Она кивала, спрятавшись мне в плечо, а я продолжал:
– Как будто в этой бронетехнике заключен ответ на вопрос о том, что такое наша чудесная страна, как она до сих пор так хорошо себя чувствует. Ответ – в танках, а не в экономике. У нас же – ни нефти, ни газа, ни нормального производства – сплошная имитация, попытка слепить микроволновку по чертежам, украденным у Samsung. А ВВП растет, инфляцией не пахнет, зарплаты – как в Европе, пенсии – выше, чем в России, где есть и нефть, и газ, и какое-то производство, в основном, конечно, нефтегазовое. И вот смотришь на все эти ракеты и солдат, слышишь советские военные марши и чувствуешь – так явно, да? До дрожи чувствуешь! Что жизнь государства не исчерпывается экономикой. Что все определяется на тонких уровнях – вот на уровне рева толпы, танков в городе. Ну что может объяснить экономика о курсах валют, например? На поверхностном уровне – да, что-то может, но если копнуть все эти соотношения глубже – разведет руками. «Цена на нефть, ВВП, золотовалютный запас». А как определяется цена на нефть? Почему она то взлетает, то падает? Что с ней будет через месяц? Сплошные тонкие материи! Ни фига ни один экономист не может предсказать. Вон про нас говорили, что здесь еще десять лет назад все ляснуться должно было, и что? Только крепнет!

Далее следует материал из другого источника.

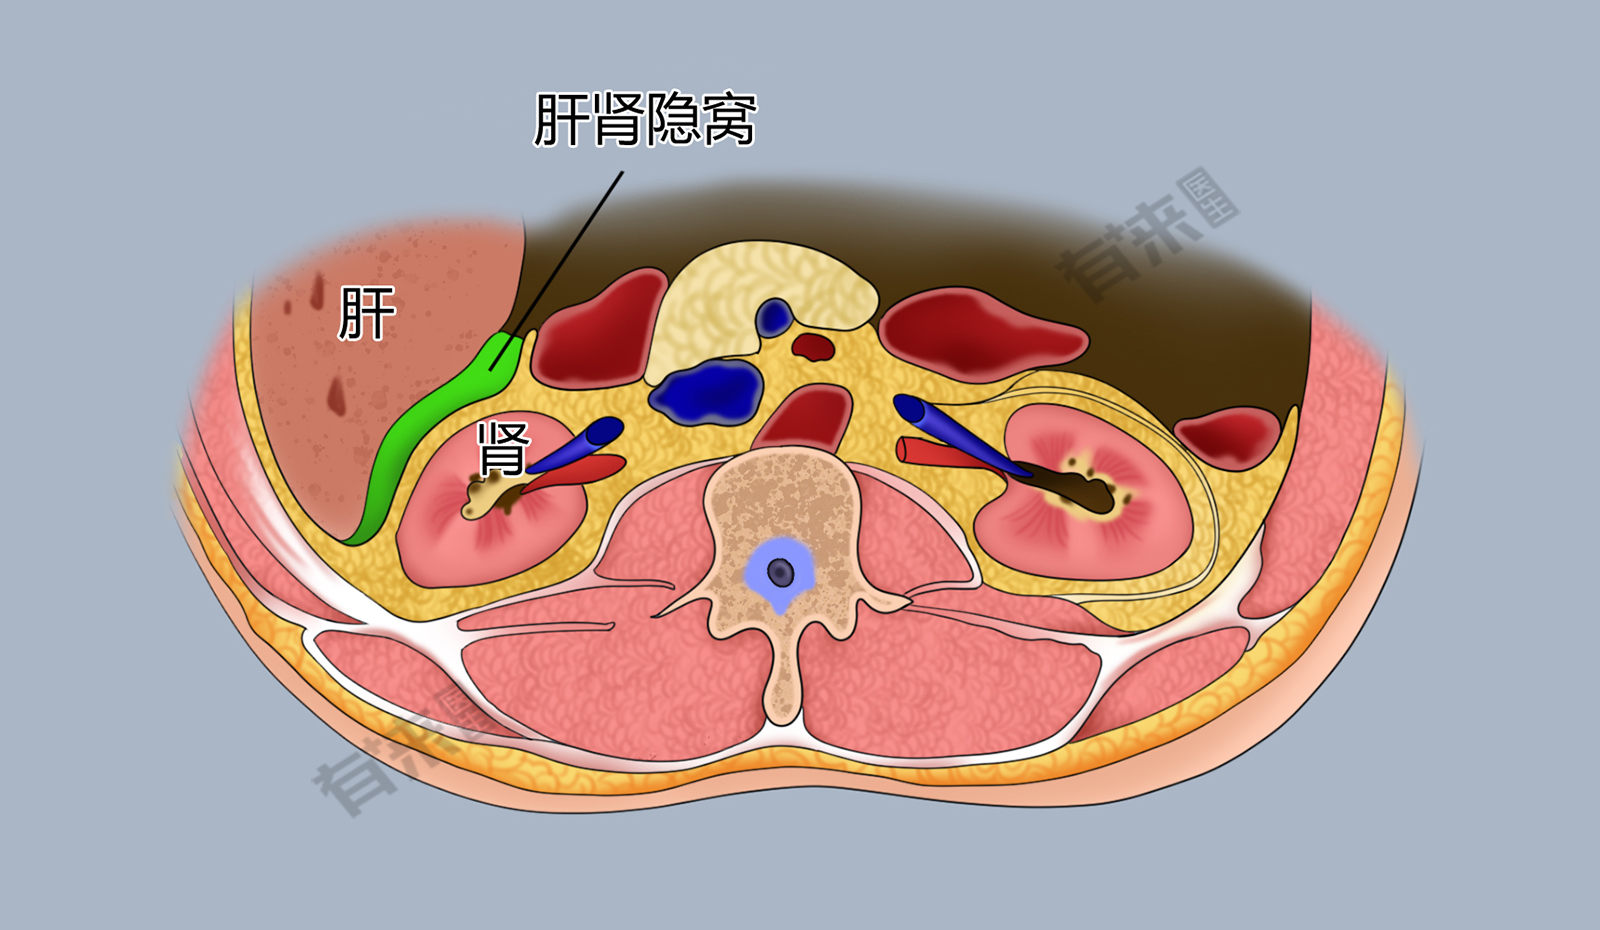 肝肾隐窝位于肝右叶下方深部与右肾之间,仰卧位时,是腹膜腔的最低部位

Какая, в конечном итоге, разница, сколько телевизоров производится и продается, если цены на водку все равно устанавливает Муравьев? И где-нибудь в Штатах его бы ослушались, выставили какую угодно другую цену, но – не здесь, не здесь. И водки-то при таких парадах всегда будет производиться сколько надо, потому что работают все как заведенные – загреметь на нары боятся. И как это в «Экономикс» вместить? Или даже в «Капитал»? Государство больше, чем деньги… Государство – как энергия. Правитель может выбрать мягкую энергию – права человека там, демократия, – тогда и деньги будут одни, и законы, по которым инфляция вступает, – одни. А может слепить диктатуру, и тогда и деньги, и инфляция будут другими. Есть, конечно, африканские диктатуры, где за бакс по три миллиарда их тугриков дают, так это – от недоумия. И даже не так – от неумения распоряжаться энергиями. Совок ведь из-за чего развалился? Там были парады, все кричали дружно, ракеты делали. И все было хорошо. И колбасы хватало, и черно-белых телевизоров. А потом вдруг на этом фоне – бах! – и о правах человека заикнулись, и диссидентов возвращать стали, и репрессии сталинские осудили. На которых как раз и держалось все! Ну, у духов, которые над танками сейчас летают, натурально мозг сломался. И плюнули они, да улетели куда-то (к нам, к нам на самом деле они улетели!). И пошатнулось. Потому что невозможно такие вот парады с демократией совмещать. Потому что эти вот конкретно танки, да по цитадели демократии, да фугасными… А здесь – именно эта, монолитная, гусеничная, танковая стабильность. Гэбэ, диссиденты – ну весь советский набор. В этом плане исчезнувшие так же важны, как беспроцентные кредиты или инвестиции в инновационное производство. Духам нужны жертвы, людские жертвы, – вот вам и пожалуйста. И мелодии этих советских маршей важны – они, похоже, как раз этих духов и вызывают. Может, эти марши на самом деле куда древней, чем мы думаем, – слышишь, какое первобытное буханье – как будто шаман в барабан бьет, – никакого ритма, просто бух, бух…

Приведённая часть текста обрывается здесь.